Posted December 5, 2012 at 8:15 am | Permalink

Outside of the realm of statisticians, I found that understanding of “Bayes” falls into one of about three categories: Machine Learning classification enthusiasts (who generally have lots and lots of data, or simple models replicated everywhere), Fuzzy Logic folks arising from the debate between Dempster and Pearl on how to represent knowledge in true artificial “brains” where there is less of an idea of replication and “the next X”, and “For-profit risk analysts” who offer “BAYES!” as the solution for everything in business seminars, sometimes at the expense of setting up very simple classical alternative straw-man arguments and not always understanding the implications of subjective probability. The idea of long-run frequency properties of Bayesian methods is basically a “check your models” argument, right? And Jay showed me a short paper he’d written that shows that the only “calibration curve” that is truly Bayesian (for calibrating *priors*) is the identity curve. But that is maybe a different kind of calibration: the kind where you “calibrate” yourself by comparing your uncertainty measurements on a ton of completely unrelated facts against the answers and see if your percentages line up. That seems like what Andrew was saying would be “conditioning on theta”. I attended a workshop once where we did this. It seemed to me to be contrary to the notion that any subjective prior is valid. Conditioning on data would seem to me to be more of a case of sequential learning than that kind of calibration? Or some kind of confirmatory model fit or some such.
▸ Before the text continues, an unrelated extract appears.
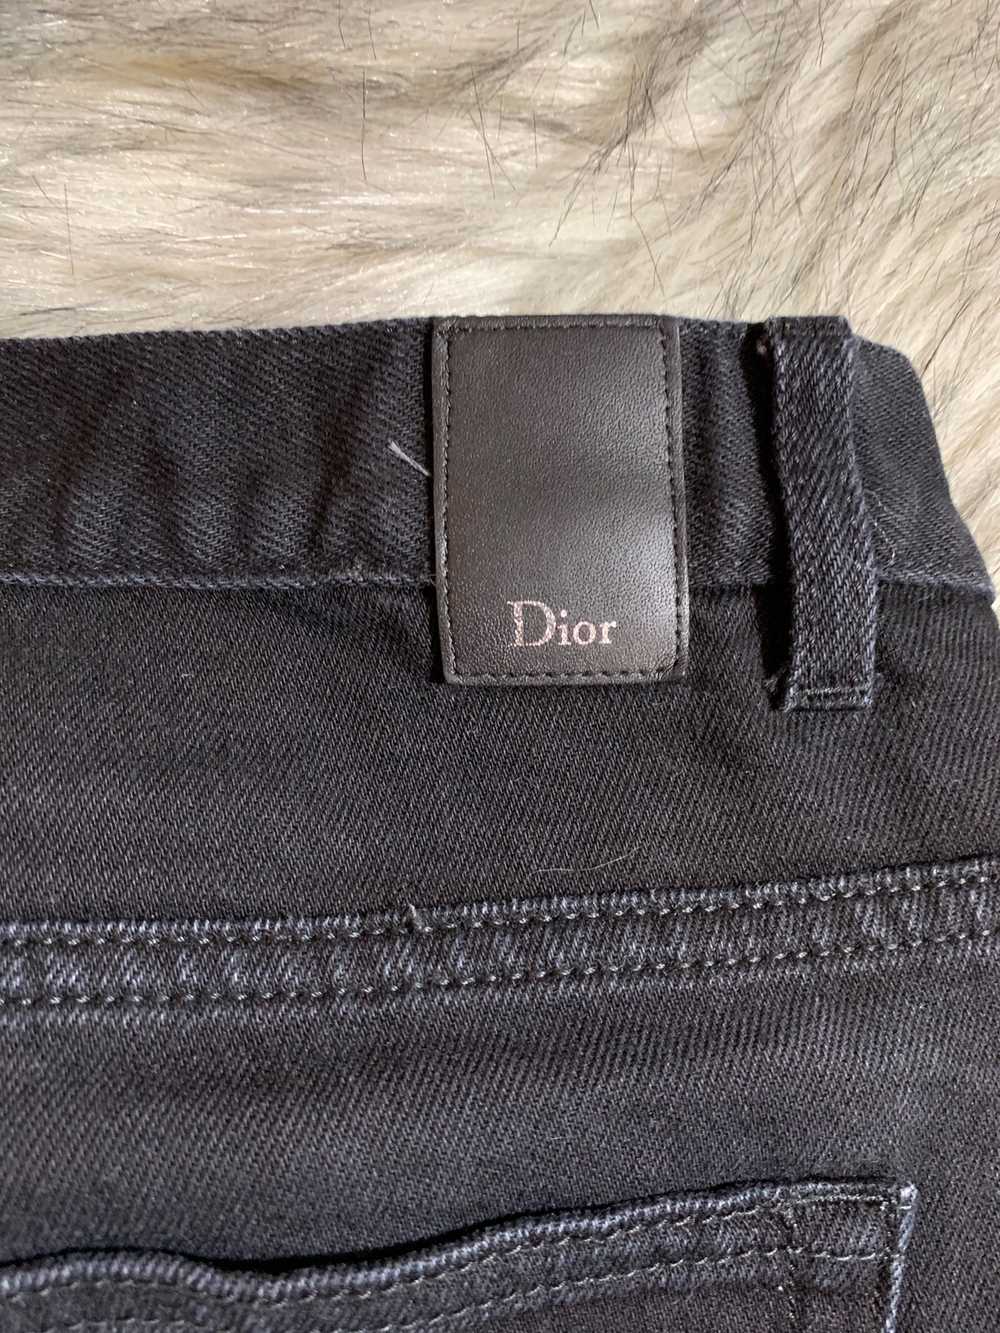 Dior × Kris Van Assche MII FIVE POCKET BLACK DENIM - image 6

There was a flurry of interest a few months ago in “BBN”s where I work so I gave a talk on them and tried to show people that they were actually a rather restrictive sub-class of the general hierarchical model that can be represented by a DAG. Not sure how much that helped. For the folks who are like, “BBNs will solve my problem!” I tried to get across that it was like me as a software engineer saying “C++ will solve my problem!”
- hereismyhandle
  
  Posted April 8, 2013 at 1:57 pm | Permalink
  
  “I attended a workshop once where we did this.”
  
  Can you say which?
Entsophy

Posted December 5, 2012 at 8:21 am | Permalink

Let r_i =1 if it rained on the ith day and r_i=0 if it didn’t rain on the ith day. There is absolutely nothing preventing a Bayesian considering P(r_1,….,r_n). A Bayesian will often find relationships between the marginal distributions P(r_i) and the frequency of rain f=\sum_i r_i/n which will be reminiscent of Frequentist calibration.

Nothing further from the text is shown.